"Kira-kira ada cincin yang bisa bikin orang jatuh cinta, Mas?" canda imam sambil tersenyum lebar.
Om Ridwan tertawa lepas, "Kalau ada yang begitu, Pak, saya pesan dua! Buat saya dan buat Pak Imam juga!"
Percakapan kami pun mengalir dengan lancar. Tak hanya tentang batu akik, tetapi juga tentang kehidupan di desa, pekerjaan kami, dan banyak hal lainnya. Hari itu, Om Ridwan dan aku tidak hanya mendapatkan informasi yang kami cari, tapi juga bertemu dengan orang-orang baru yang ramah dan berbagi cerita yang mengesankan.
Hari semakin sore, dan kami berpamitan. Ridwan tersenyum puas, bukan hanya karena batu akiknya mendapat perhatian, tapi juga karena pertemuan tak terduga itu memberikan pengalaman berharga yang tak terlupakan.

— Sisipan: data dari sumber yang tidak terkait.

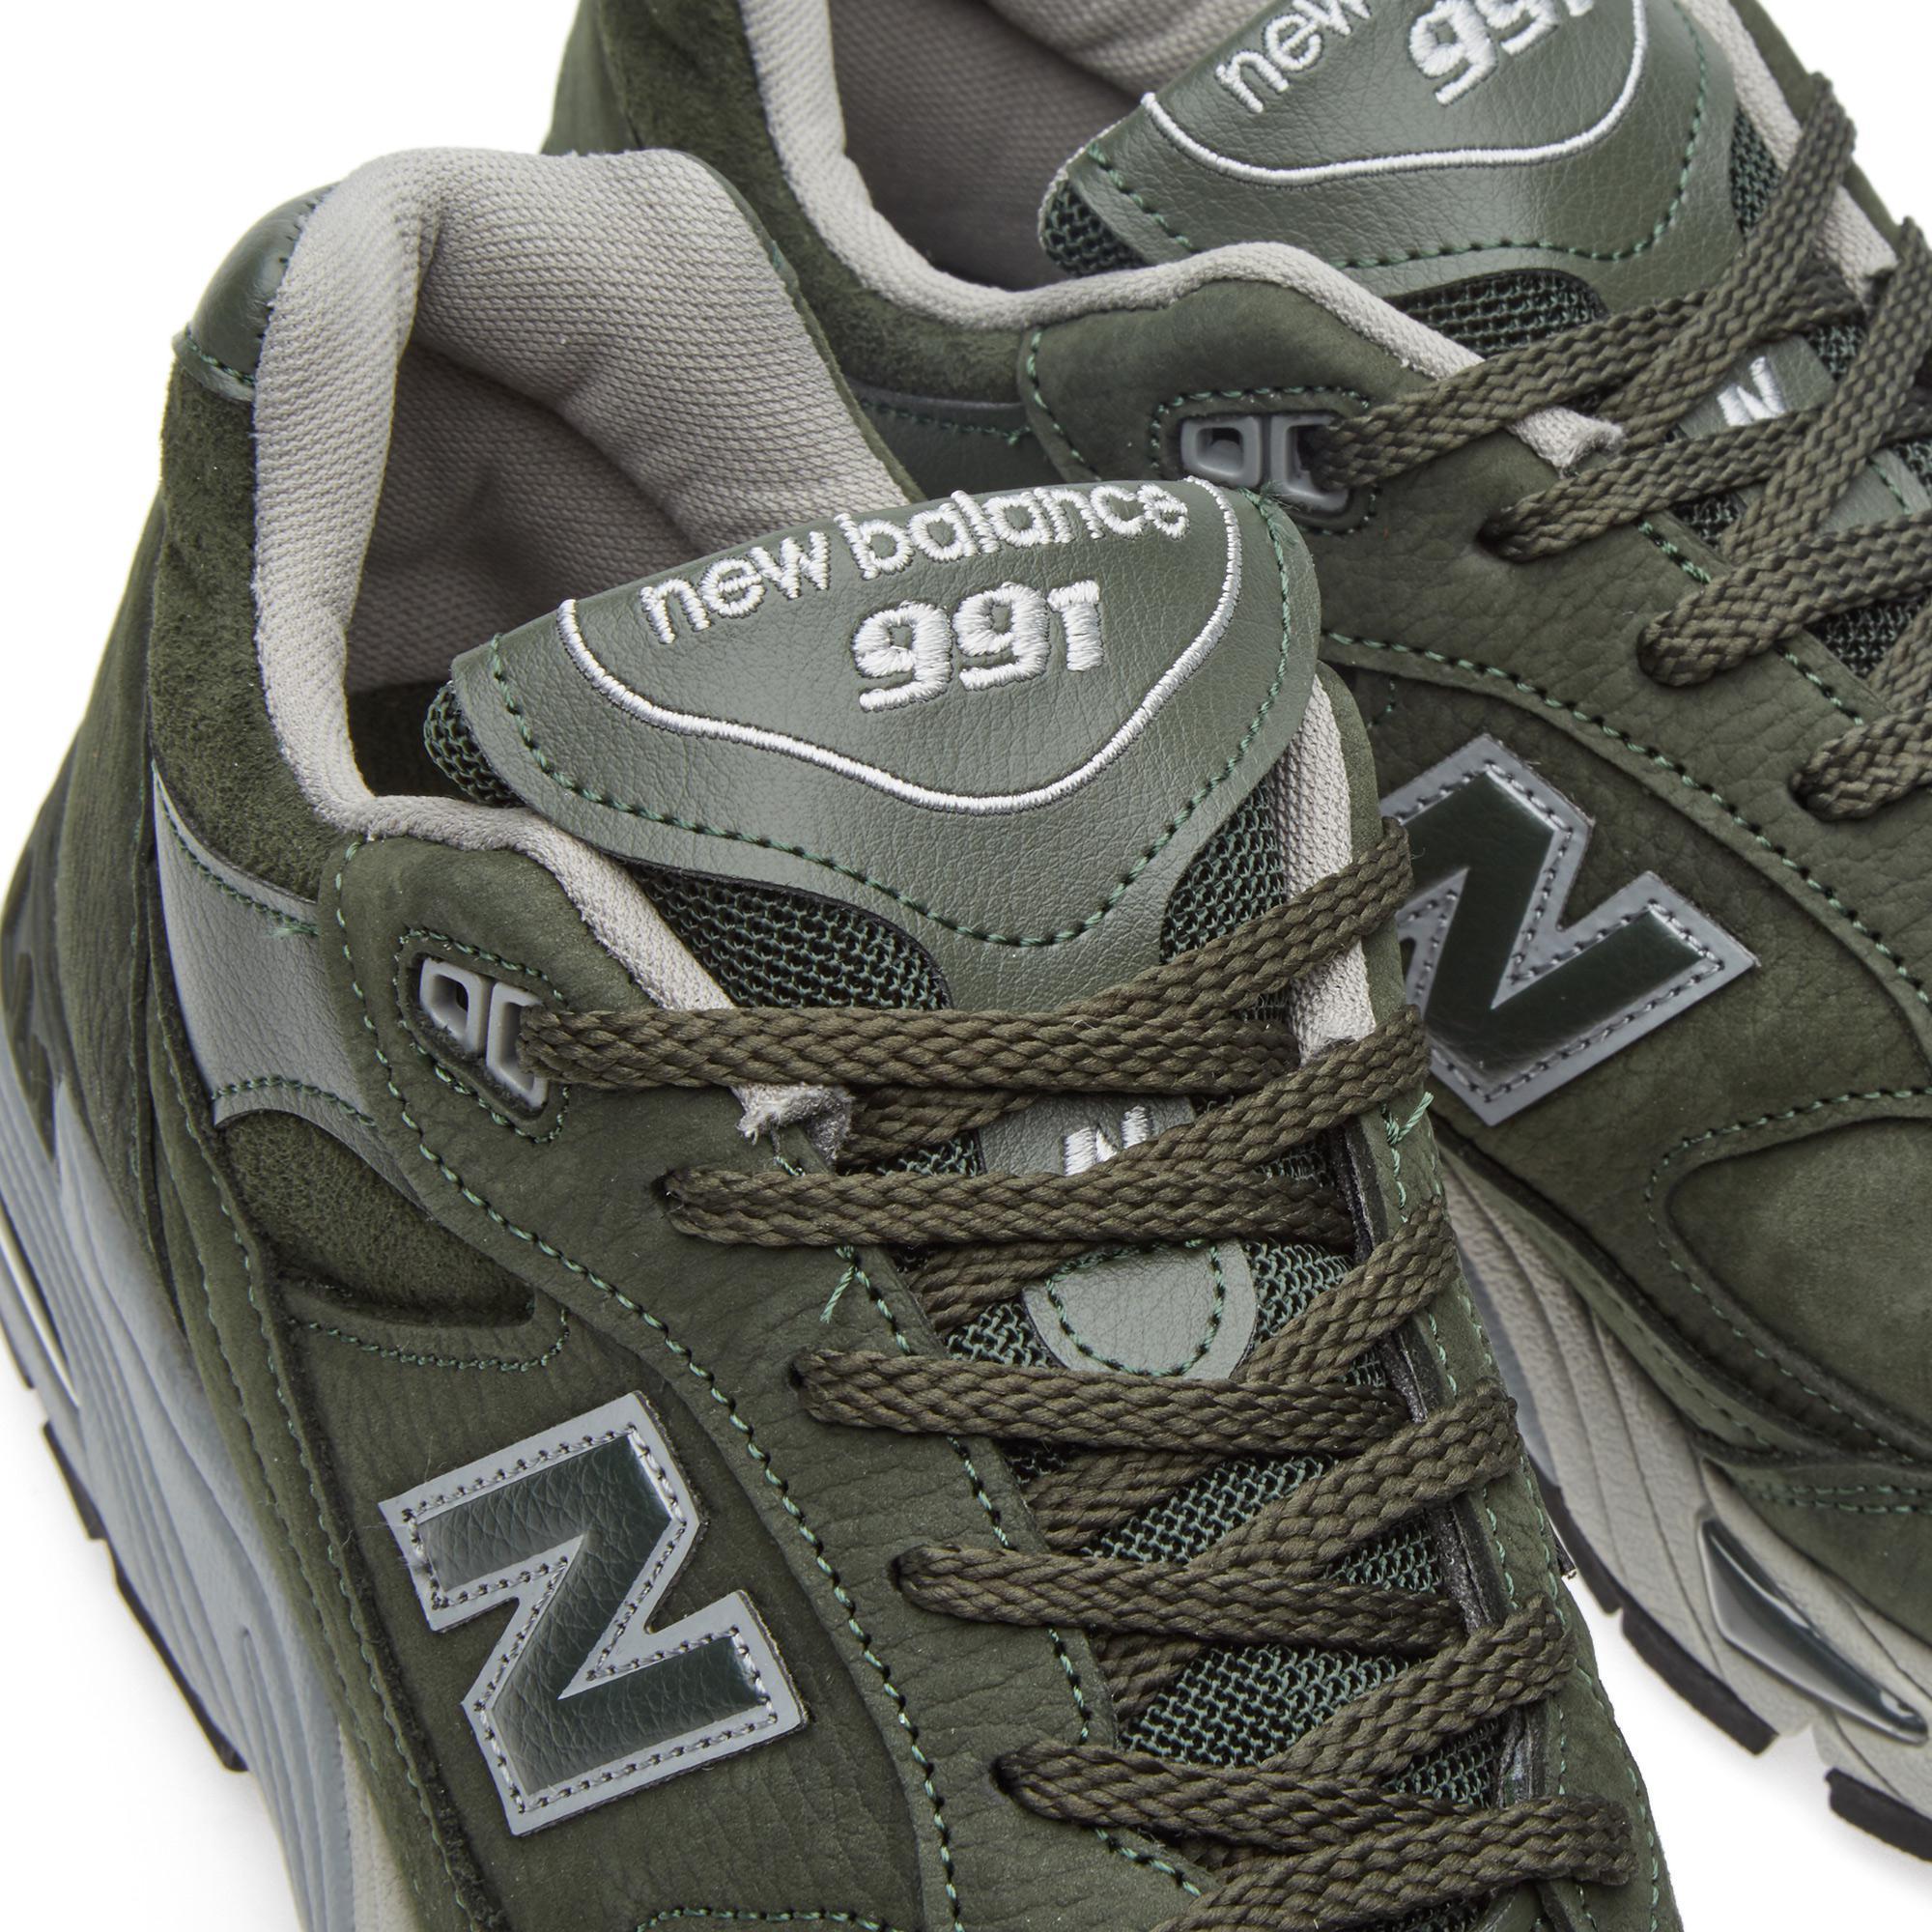 new balance 991 sdg

"Kadang, perjalanan meliput berita memberi lebih dari sekedar berita," kataku sambil tersenyum kepada Ridwan.
"Betul, kita dapat lebih banyak cerita dari yang kita duga," jawab Ridwan sambil mengagumi cincin-cincinnya yang berkilau di bawah sinar matahari sore.
Setelah kami berpamitan, imam mushola kembali menghampiri kami.
"Oh ya, Mas Ridwan dan Mas...?" tanyanya sambil menatapku.
"Om Munir, Pak," jawabku.
"Mas Munir dan Mas Ridwan, saya ini sebenarnya juga punya sedikit cerita tentang asal usul keluarga saya. Kami punya hubungan dengan pondok besar di daerah Paiton, ternyata imam itu adalah seorang Kyai thoriqoh dan pendakwah.
Sontak kami bertiga mendengar cerita sang imam terkejut. "Wah, Pak Kyai, kita sepertinya sudah ditakdirkan Gusti Allah untuk bertemu."